SIMON PEGG: We did actually consider flushing some cake pops…
NICK FROST: I flush one every day and I just don’t tell ‘em.
PEGG: We got some cake pops in Australia that we nearly flushed, but none yet. We’ve grown up a bit since then.
WRIGHT: We were men enough to match “Shaun of the Dead” and “Hot Fuzz” with “The World’s End,” but we realized that we would never ever top “Cake Flushing 3.” It’s pointless to even try.
FROST: This is our second trilogy, essentially… [laughs] We finished the “Cake Flushing” trilogy first. I’m really proud of that, you know? It was like a movement.
PEGG: It was across his birthday as well, which is why we kept getting cakes. There’s no reason to give us cakes this time.
Along the lines of all this promotional travel, with the staggered release dates, how does it feel to push something that’s new to every audience and yet deal with the cushy burden of going on these tours, doing all these interviews?

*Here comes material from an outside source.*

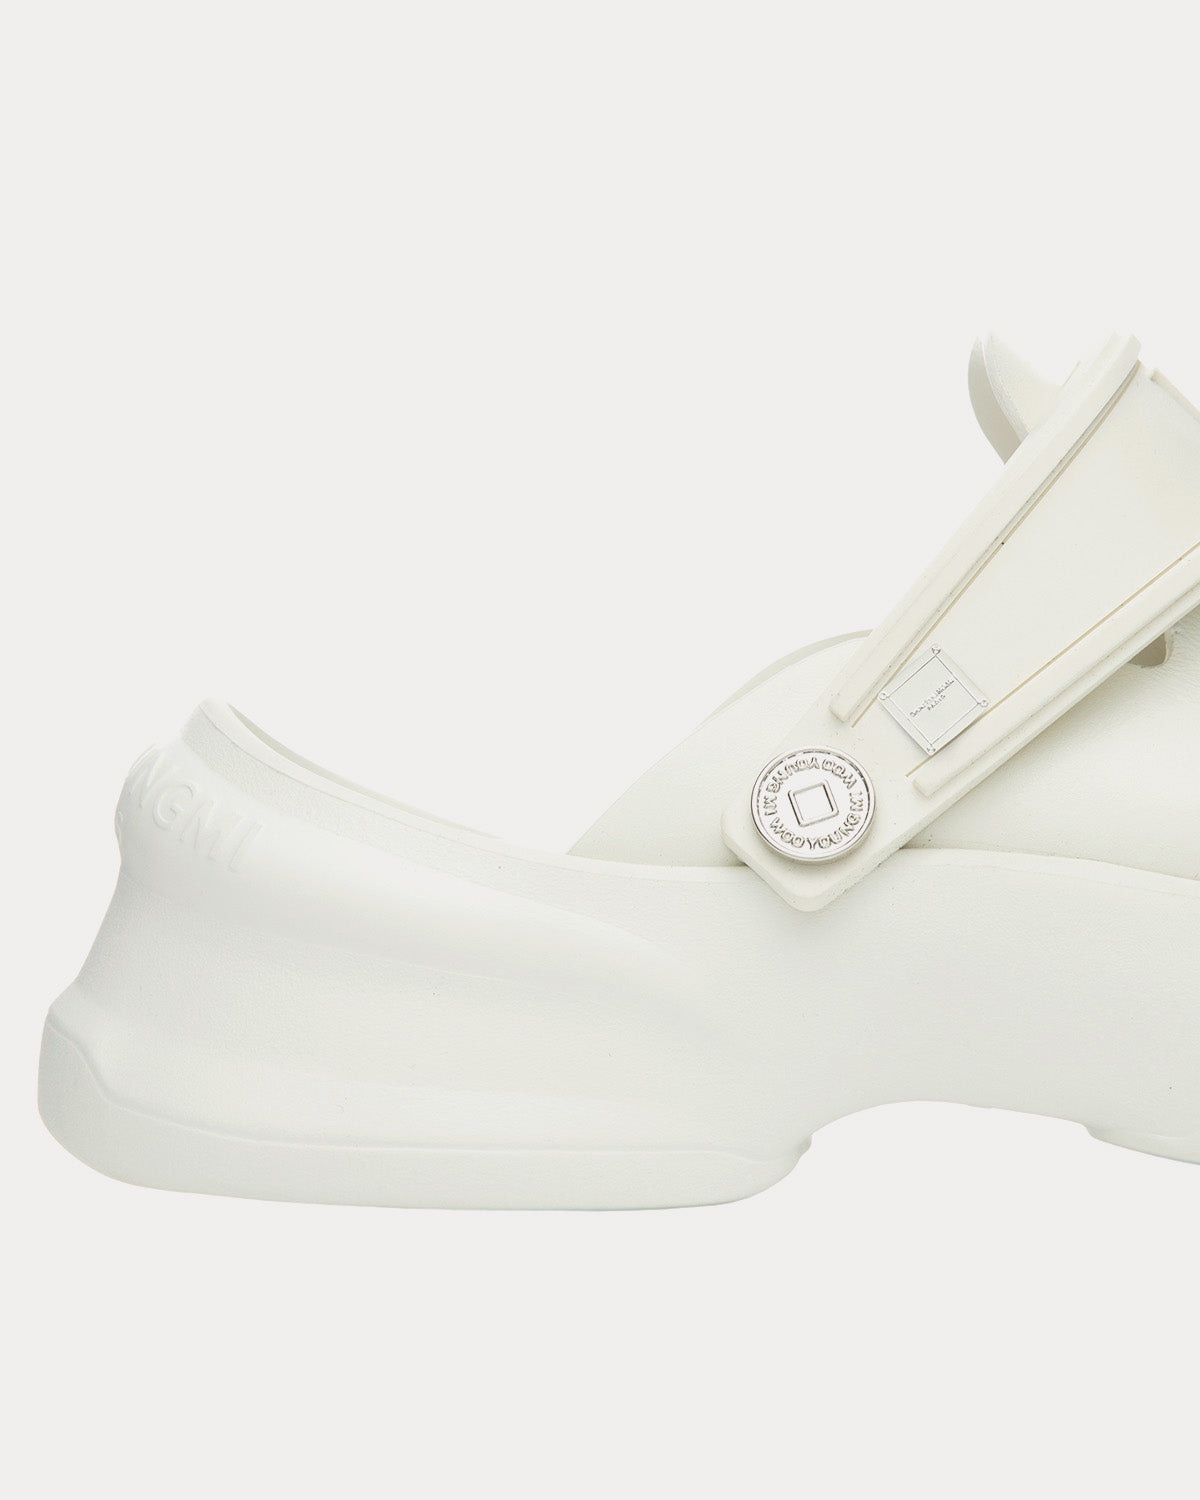 Wooyoungmi - Slingback Leather White Clogs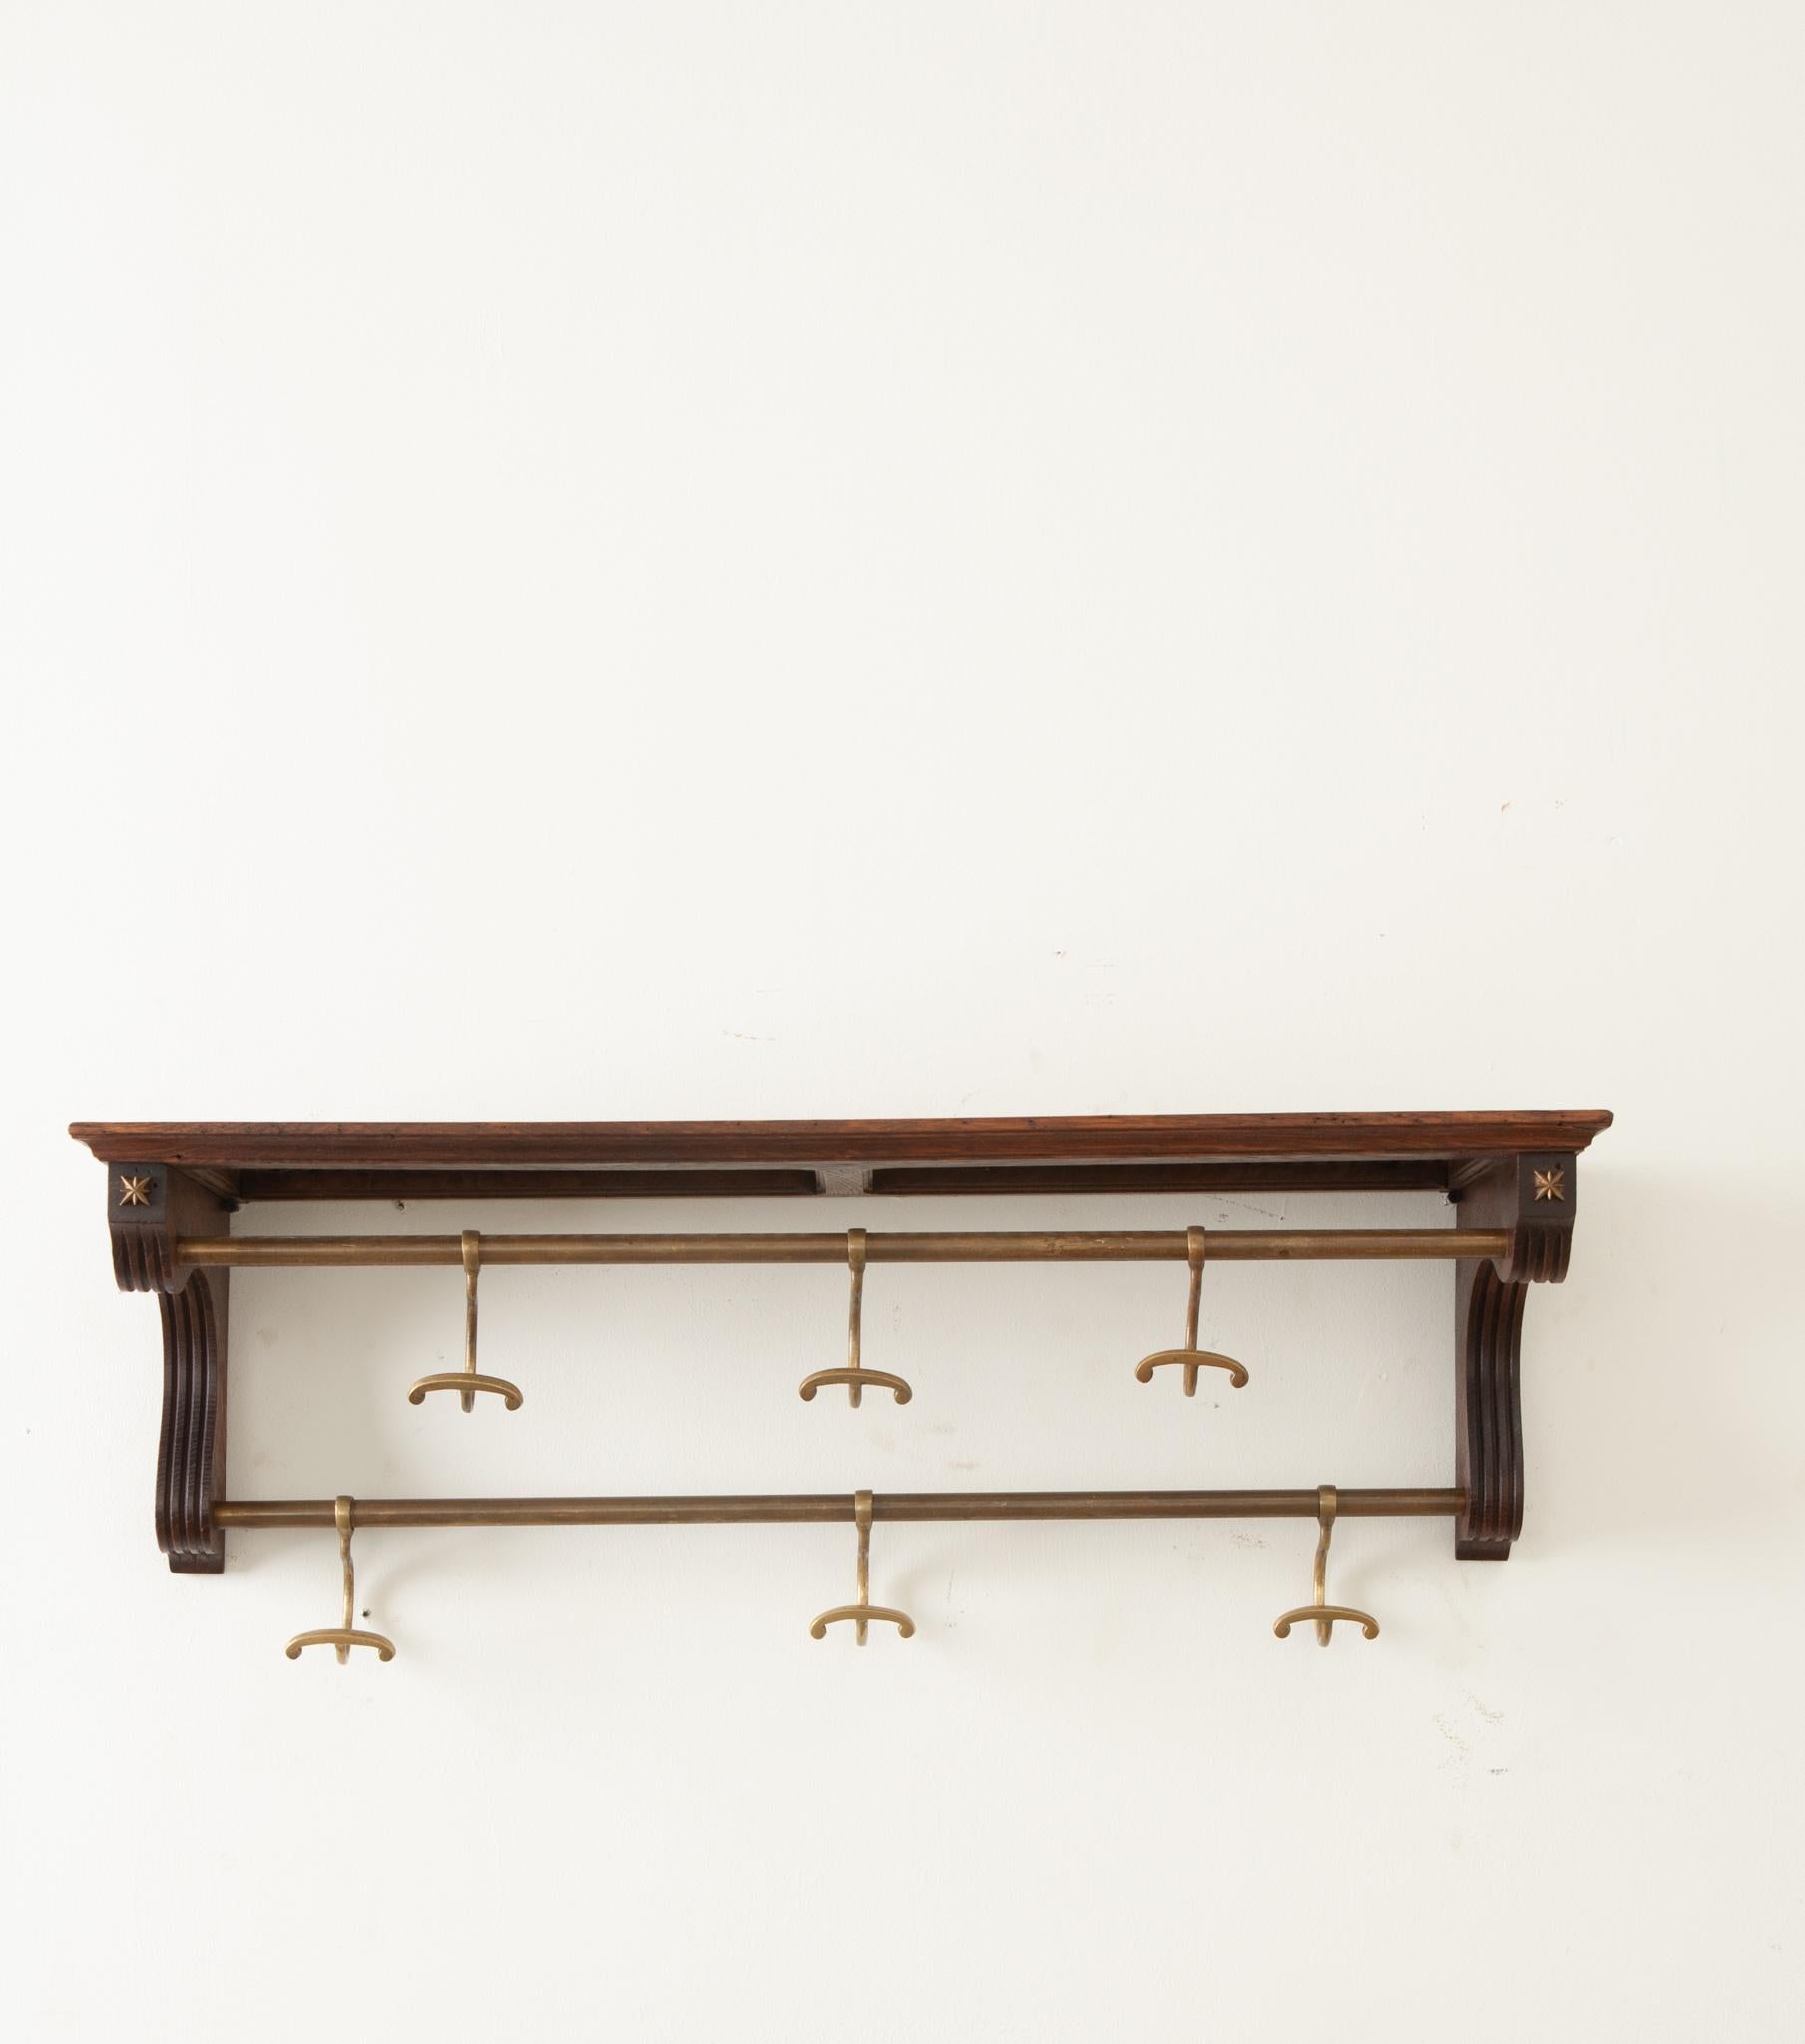 A French early 20th Century oak and brass train rack is the perfect shelf by your door or in your bathroom. The 9 ¾” top shelf is made of cane and is deep enough for hats or towels. There are six slidable hooks for hanging coats or towels. Be sure

PEGG: I’m not sure about “cushy.”
WRIGHT: I mean, any time you do an audience Q&A, it’s always fun because the thing is, big blockbusters come out day-and-date, they don’t have the time or people that are passionate enough. They have maybe two weeks with the cast, max. Because I directed it, we [Pegg & Wright] co-wrote it, they [Pegg & Frost] star in it, and we’re all producers on the movie, so it’s our baby. It’s unusual to get the chance to go to twelve cities in the U.S.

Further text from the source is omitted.